The Huawei subreddit is in a bit of an uproar today, as multiple posts have popped up indicating that the company has started pushing lock screen ads for users of its smartphones, all without the user’s permission or awareness.

Multiple Reddit threads in the last 24 hours show that owners of Huawei phones, seemingly in the EU region, are seeing a variety of Booking.com ads on their lock screens. These are not actually interactive ads, but rather a part of the rotating lock screen wallpaper gallery that users can find by default through the Magazine view on their Huawei smartphones.

Users have found a few workarounds to the intrusive and uninvited ads. The first is to simply delete the offending wallpapers from the Magazine gallery. You can do so by swiping up from the bottom of the screen on the lock screen, then swiping left until you find the Booking.com images and deleting them, as one Redditor explains.

Another fix is to simply disable the Magazine view entirely and either use a single image or your own wallpapers.

Huawei would not be the first smartphone manufacturer to push ads through its OS to make a little bit more money off its wares.
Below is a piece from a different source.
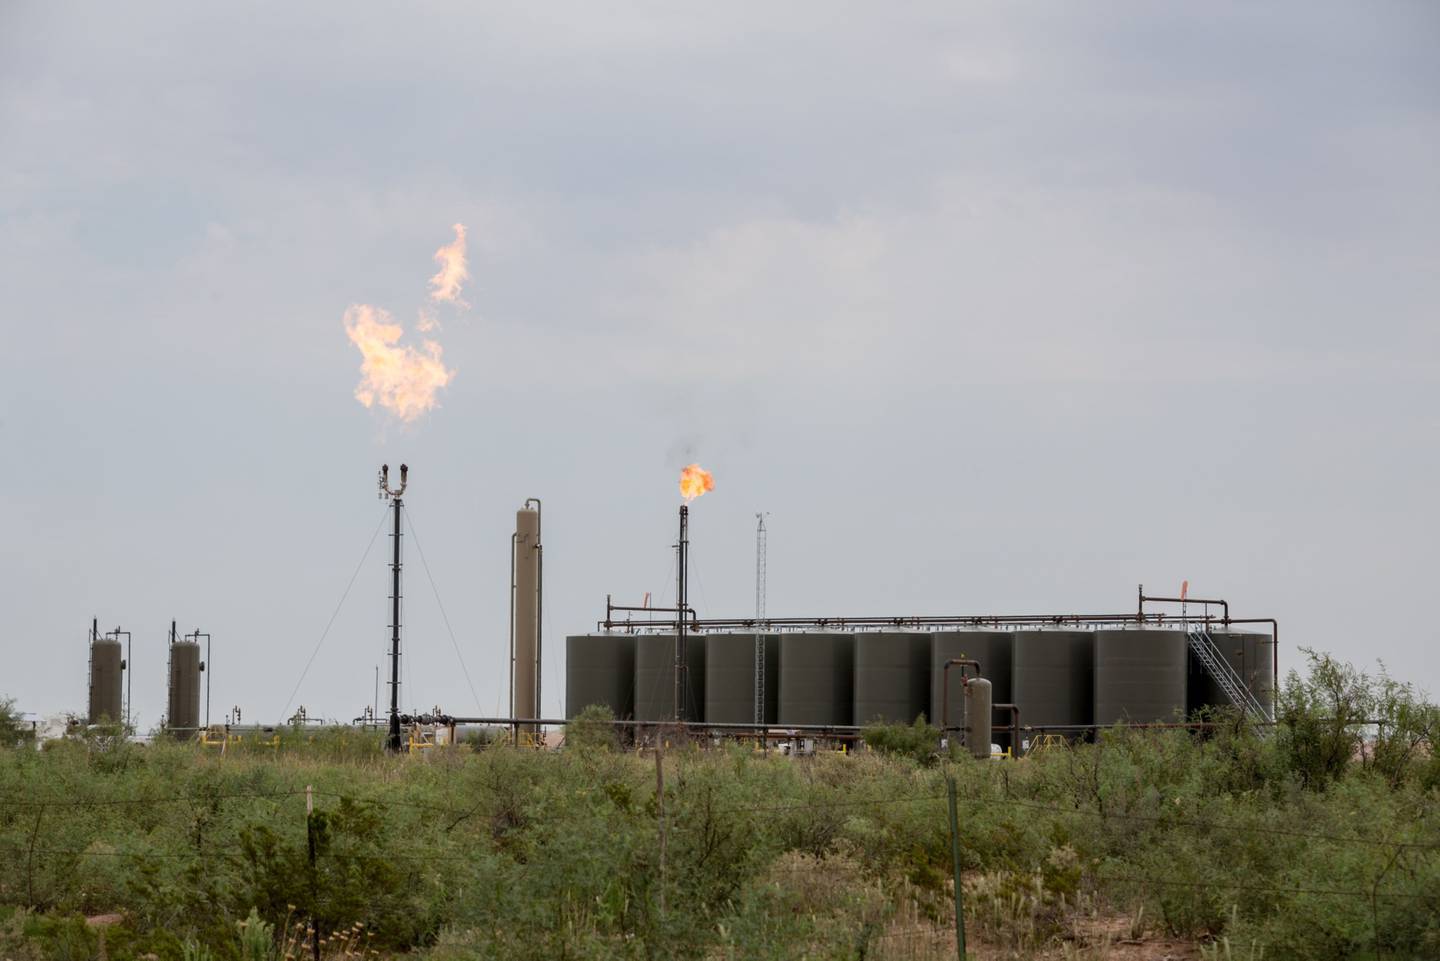 El gas metano se quema justo al lado de la Ruta 285 de Estados Unidos, cerca de Carlsbad, Nuevo México, Estados Unidos, el martes 6 de agosto de 2019.

Xiaomi is famous for doing this in developing markets like India. Amazon, too, tried something similar with its Kindle lineup some time back. The difference here is that Huawei never notified users of the change, and has generally never talked in public about instituting these changes. Even worse, the ads are showing up on even flagship grade phones by the company, such as its recently released P30 Pro. That is certainly going to leave a bad taste in the mouths of those who bought the gadget for as much as €999.

Huawei is already struggling in Western markets after its networking equipment business was flagged by the Trump administration as a potential national security threat, while the company’s recent addition to an export blacklist has prevented the company from having access to critical U.S.-made technologies for its products. To survive these trying times, the Chinese giant will need all the goodwill from Western customers that it can muster, and sneakily adding ads to their lock screens is definitely not the best way to go about doing that.

We’ve reached out to Huawei to find out more about why these ads are showing up, and if this is an indication of a change in the way Huawei monetizes its phones. We’ll update the article if we hear back from the company’s representatives.